DESIGN, SETTING, AND PARTICIPANTS: In this multicenter diagnostic accuracy study, a convolutional neural network model, SCORE-AI, was developed and validated using EEGs recorded between 2014 and 2020. Data were analyzed from January 17, 2022, until November 14, 2022. A total of 30 493 recordings of patients referred for EEG were included into the development data set annotated by 17 experts. Patients aged more than 3 months and not critically ill were eligible. The SCORE-AI was validated using 3 independent test data sets: a multicenter data set of 100 representative EEGs evaluated by 11 experts, a single-center data set of 9785 EEGs evaluated by 14 experts, and for benchmarking with previously published AI models, a data set of 60 EEGs with external reference standard. No patients who met eligibility criteria were excluded.
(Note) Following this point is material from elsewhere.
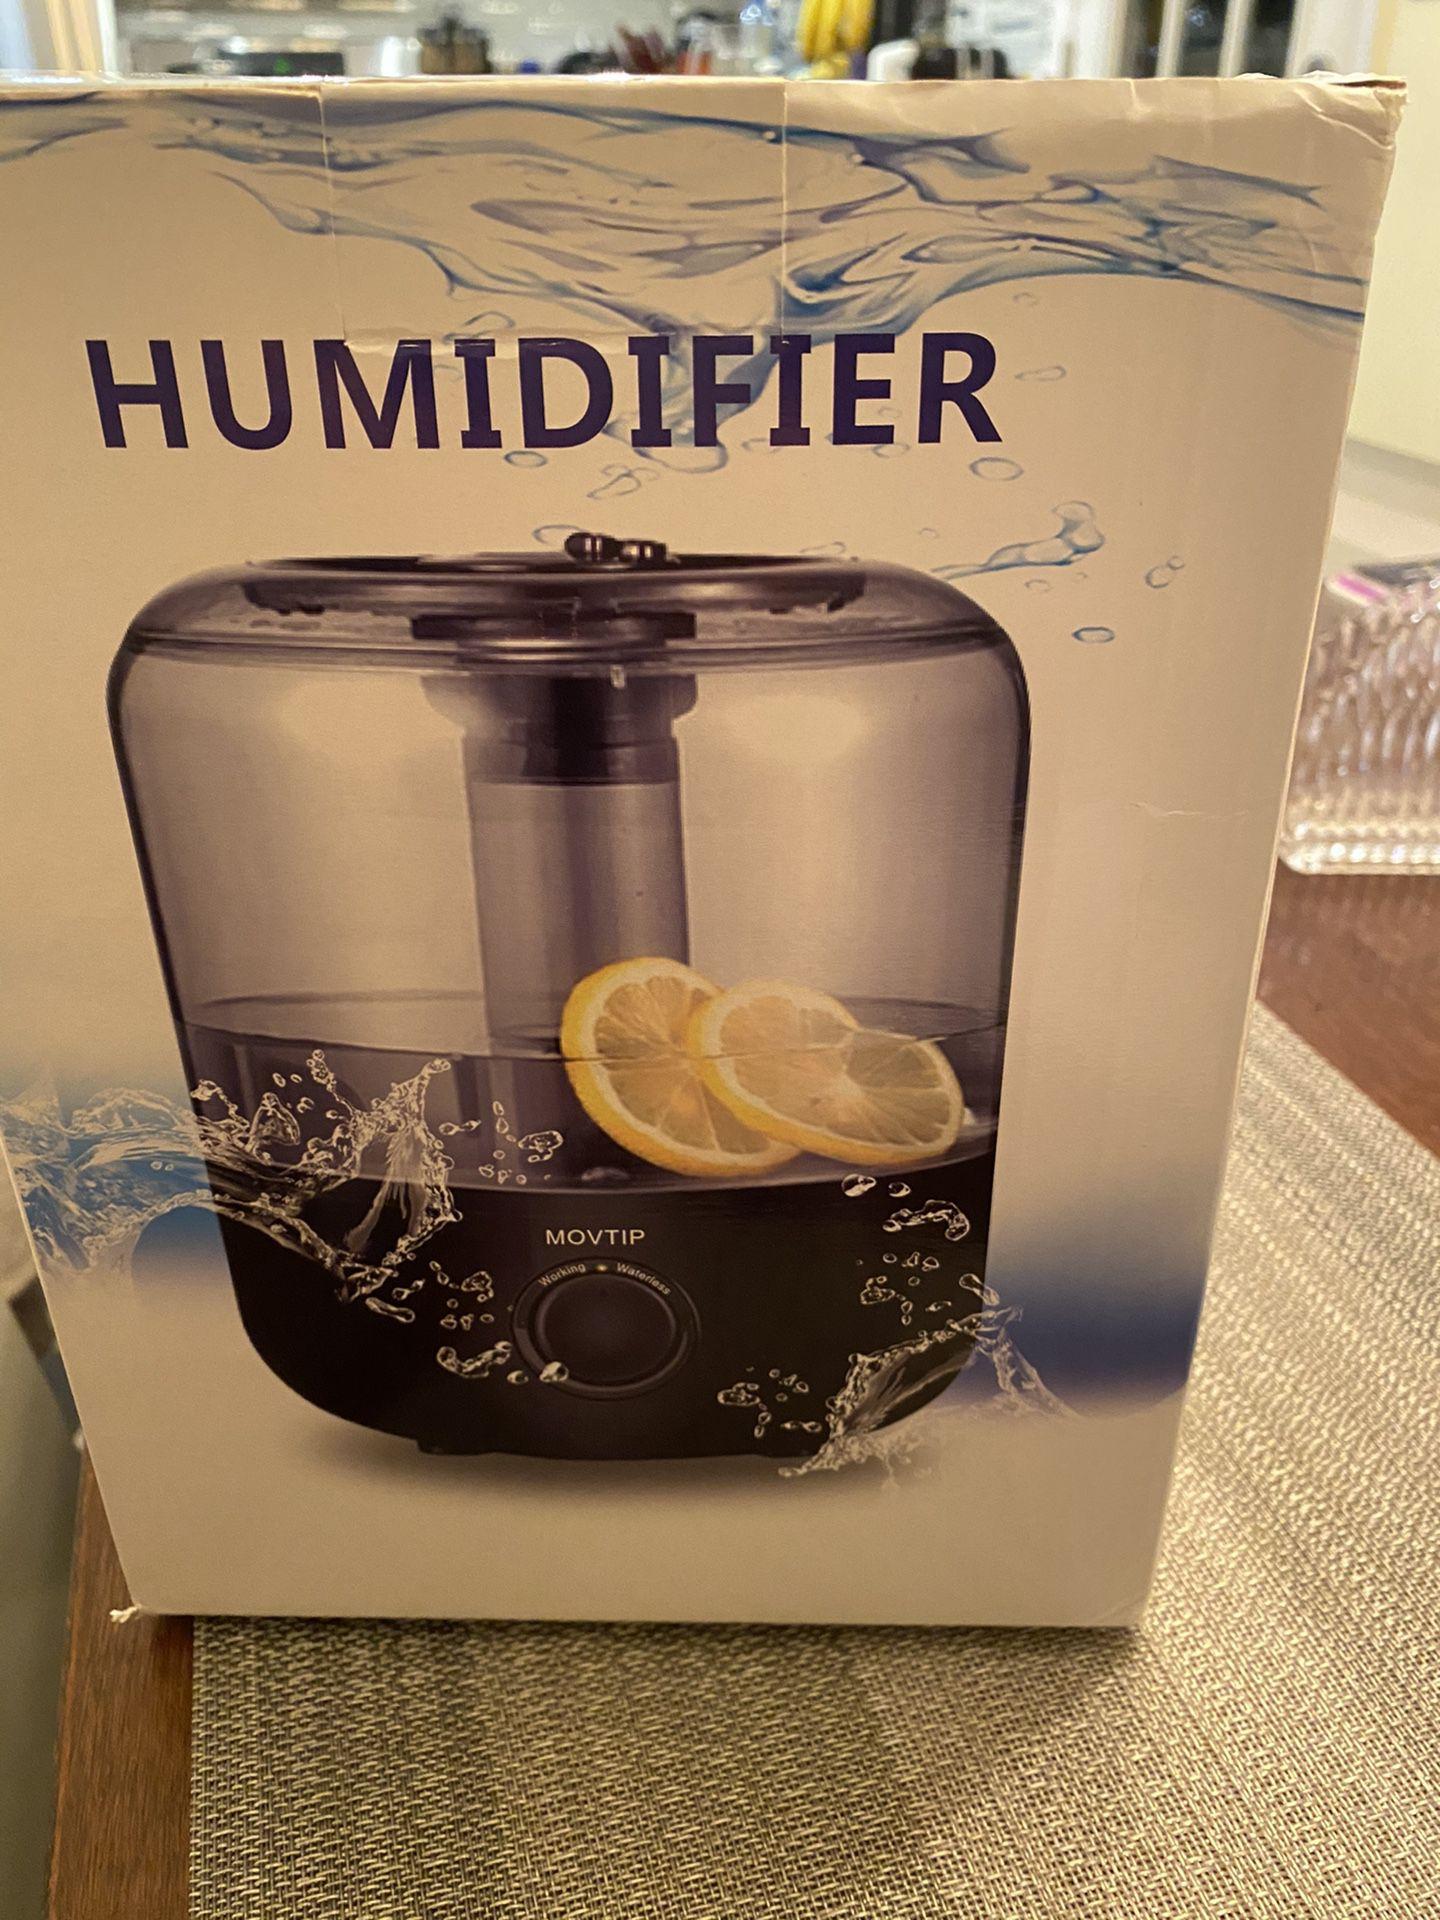 Humidifier medium/large

Diagnostic accuracy, sensitivity, and specificity compared with the experts and the external reference standard of patients' habitual clinical episodes obtained during video-EEG recording.
The characteristics of the EEG data sets include development data set (N = 30 493; 14 980 men; median age, 25.3 years [95% CI, 1.3-76.2 years]), multicenter test data set (N = 100; 61 men, median age, 25.8 years [95% CI, 4.1-85.5 years]), single-center test data set (N = 9785; 5168 men; median age, 35.4 years [95% CI, 0.6-87.4 years]), and test data set with external reference standard (N = 60; 27 men; median age, 36 years [95% CI, 3-75 years]). The SCORE-AI achieved high accuracy, with an area under the receiver operating characteristic curve between 0.89 and 0.96 for the different categories of EEG abnormalities, and performance similar to human experts. Benchmarking against 3 previously published AI models was limited to comparing detection of epileptiform abnormalities. The accuracy of SCORE-AI (88.3%; 95% CI, 79.2%-94.9%) was significantly higher than the 3 previously published models (P < .001) and similar to human experts.
In this study, SCORE-AI achieved human expert level performance in fully automated interpretation of routine EEGs. Application of SCORE-AI may improve diagnosis and patient care in underserved areas and improve efficiency and consistency in specialized epilepsy centers.
脑电图(EEG)是神经病学的基本评估手段,但在世界上许多地区都需要特殊的专业知识。人工智能(AI)具有满足这些未满足需求的潜力。以前的 AI 模型仅解决 EEG 解释的有限方面,例如区分正常与异常或识别癫痫样活动。需要一种基于 AI 的适用于临床实践的常规 EEG 的全面、全自动解释,以满足这些需求。
开发和验证一种人工智能模型(标准化基于计算机的 EEG 人工智能报告 [SCORE-AI]),该模型具有区分正常和异常脑电图记录的能力,并能够将异常脑电图记录分类为与临床决策相关的类别:癫痫样-局灶性、癫痫样-全面性、非癫痫样-局灶性和非癫痫样-弥漫性。
设计、地点和参与者:在这项多中心诊断准确性研究中,开发并验证了一种卷积神经网络模型 SCORE-AI,该模型使用 2014 年至 2020 年记录的 EEG 进行开发和验证。数据分析于 2022 年 1 月 17 日至 2022 年 11 月 14 日进行。共有 30493 名因脑电图检查而转诊的患者记录被纳入开发数据集,由 17 位专家进行注释。年龄大于 3 个月且非危重症的患者符合入选条件。SCORE-AI 使用 3 个独立的测试数据集进行验证:一个由 11 位专家评估的包含 100 个代表性 EEG 的多中心数据集、一个由 14 位专家评估的包含 9785 个 EEG 的单中心数据集以及用于与以前发表的 AI 模型进行基准比较的 60 个具有外部参考标准的 EEG 数据集。符合入选标准的患者未被排除。
与专家和在视频脑电图记录期间获得的患者习惯性发作的外部参考标准相比,评估患者的诊断准确性、敏感性和特异性。
脑电图数据集的特点包括:开发数据集(N=30493;14980 名男性;中位年龄 25.3 岁 [95%置信区间 1.3-76.2 岁])、多中心测试数据集(N=100;61 名男性,中位年龄 25.8 岁 [95%置信区间 4.1-85.5 岁])、单中心测试数据集(N=9785;5168 名男性;中位年龄 35.4 岁 [95%置信区间 0.6-87.4 岁])和具有外部参考标准的测试数据集(N=60;27 名男性;中位年龄 36 岁 [95%置信区间 3-75 岁])。SCORE-AI 达到了较高的准确性,不同类别的 EEG 异常的受试者工作特征曲线下面积在 0.89 至 0.96 之间,性能与人类专家相似。与 3 个以前发表的 AI 模型进行基准比较仅限于比较癫痫样异常的检测。SCORE-AI 的准确性(88.3%;95%置信区间 79.2%-94.9%)显著高于 3 个以前发表的模型(P<.001),与人类专家相当。
在这项研究中,SCORE-AI 在常规 EEG 的全自动解释方面达到了人类专家的水平。SCORE-AI 的应用可能会改善服务不足地区的诊断和患者护理,并提高专业癫痫中心的效率和一致性。